- [Problem statement]: After locating the line that contains "Wrangler Diamond Printed" in the records below, write out exactly that line and each line after it through the one that contains "NBA All-Star Game", and nothing else.

- [Data records]:
○ ○ ○ ○
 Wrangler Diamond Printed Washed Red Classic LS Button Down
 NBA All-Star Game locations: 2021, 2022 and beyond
○ ○ ○ ○
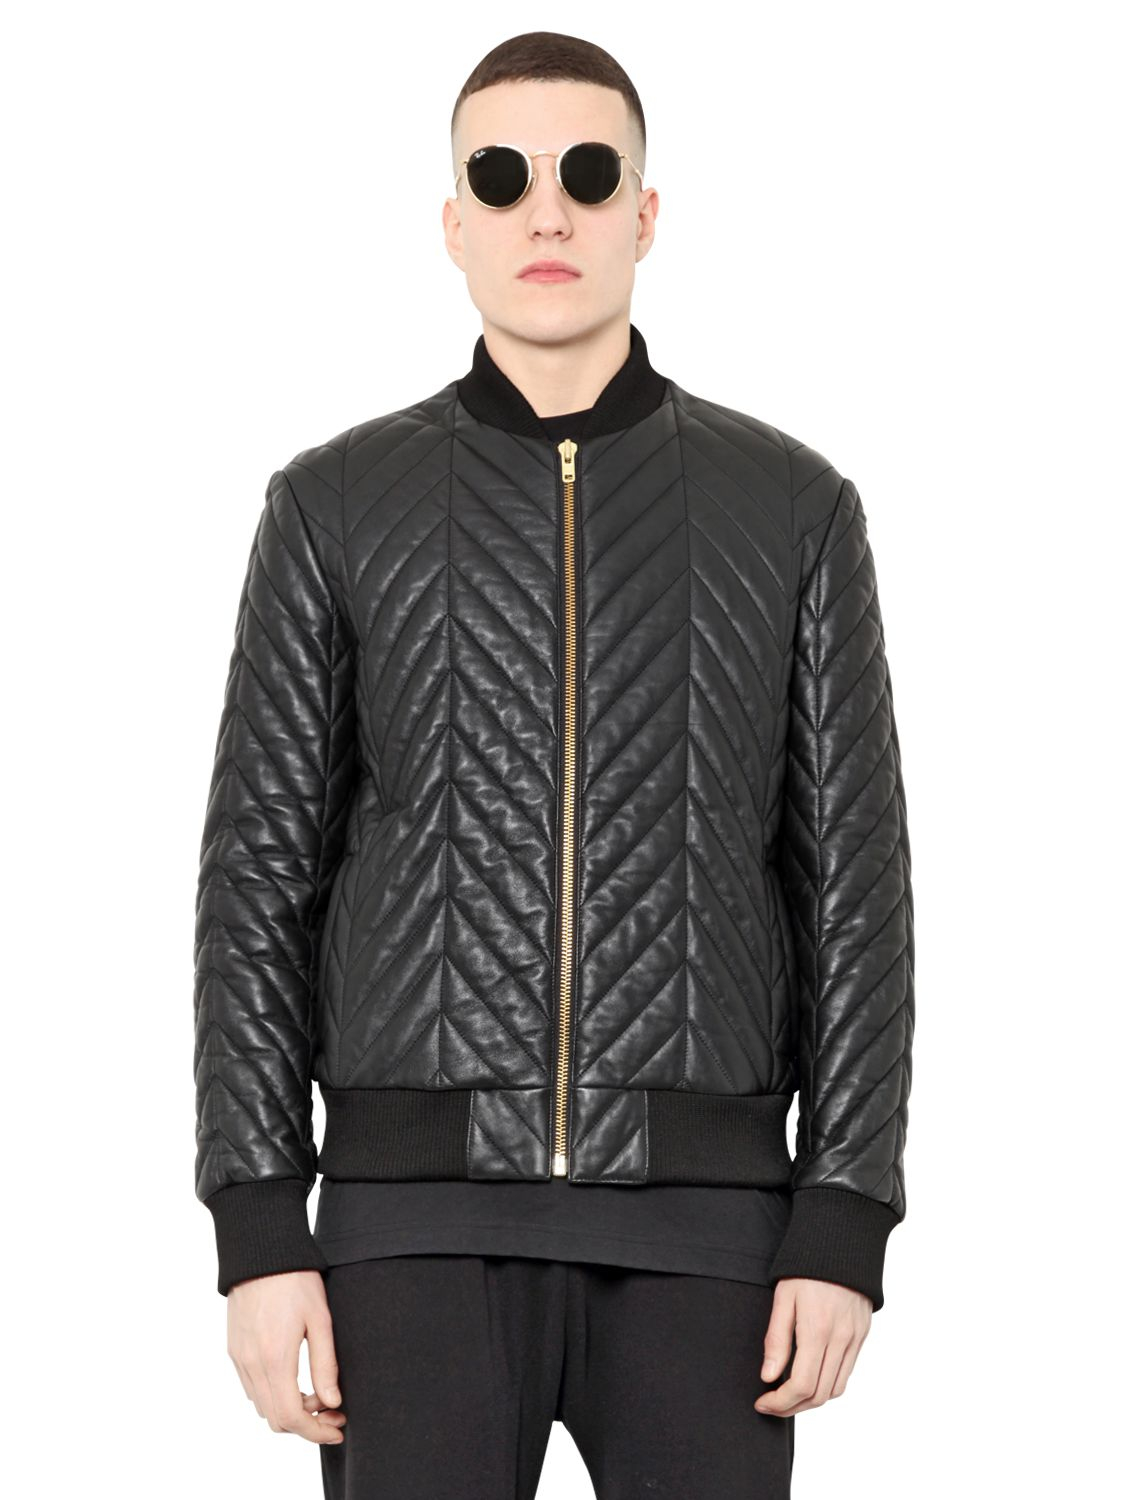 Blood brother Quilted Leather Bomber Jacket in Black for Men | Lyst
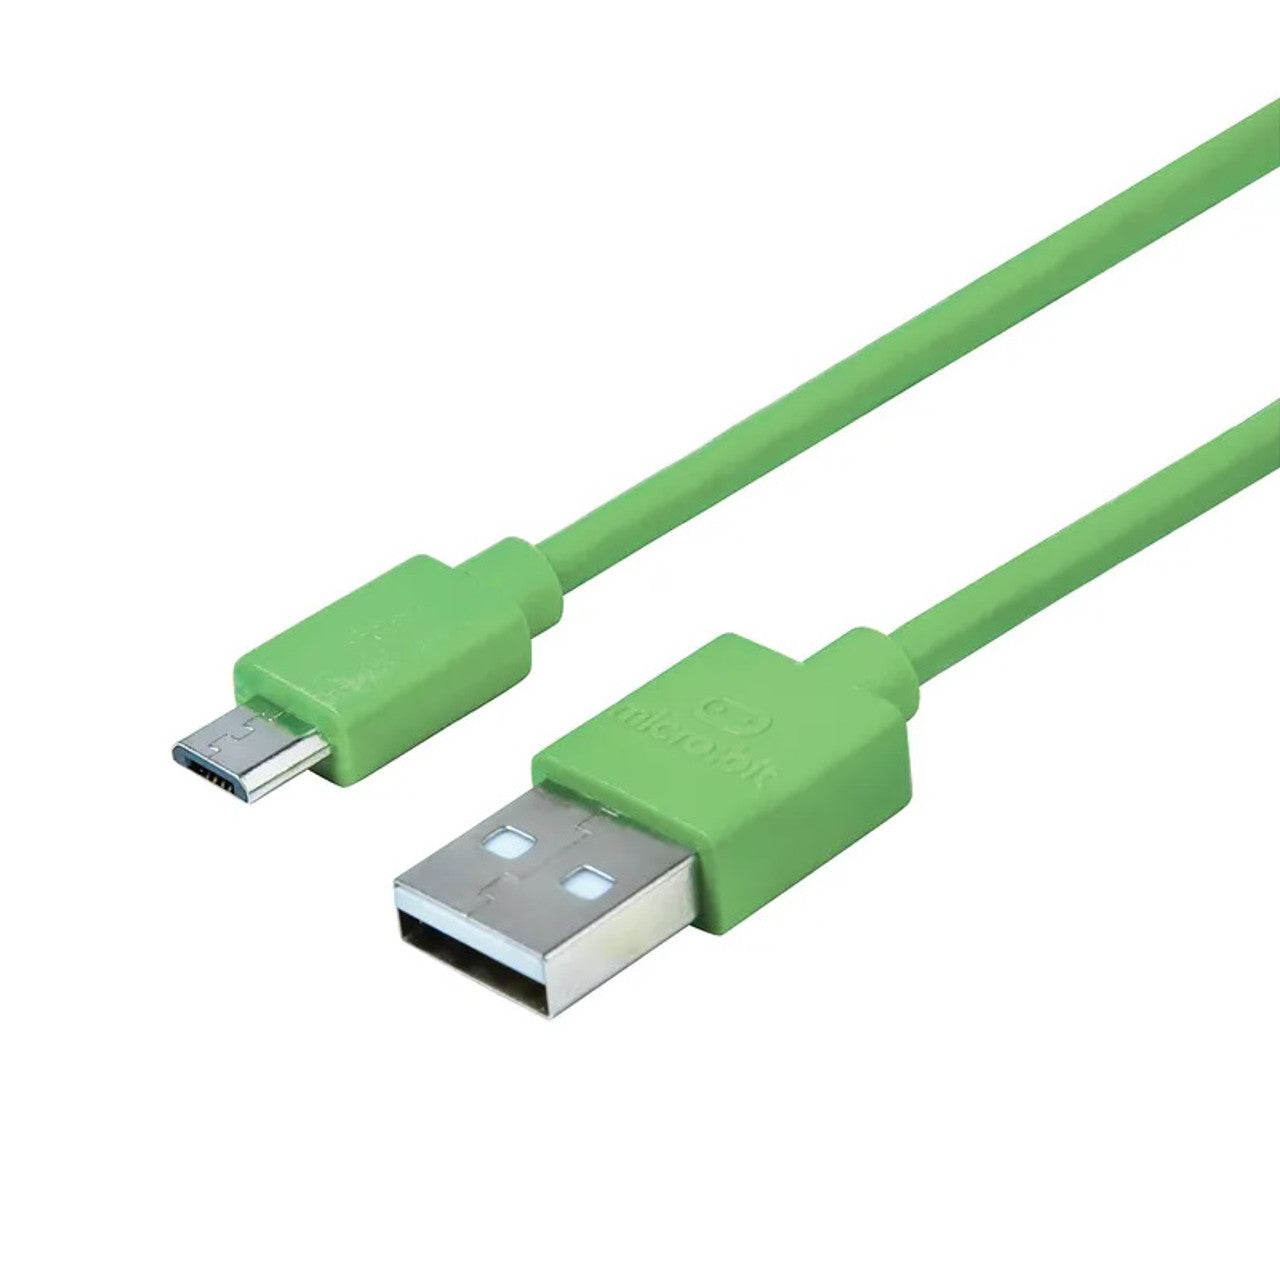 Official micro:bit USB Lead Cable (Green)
○ ○ ○ ○
- [Result of the task]:
 Wrangler Diamond Printed Washed Red Classic LS Button Down
 NBA All-Star Game locations: 2021, 2022 and beyond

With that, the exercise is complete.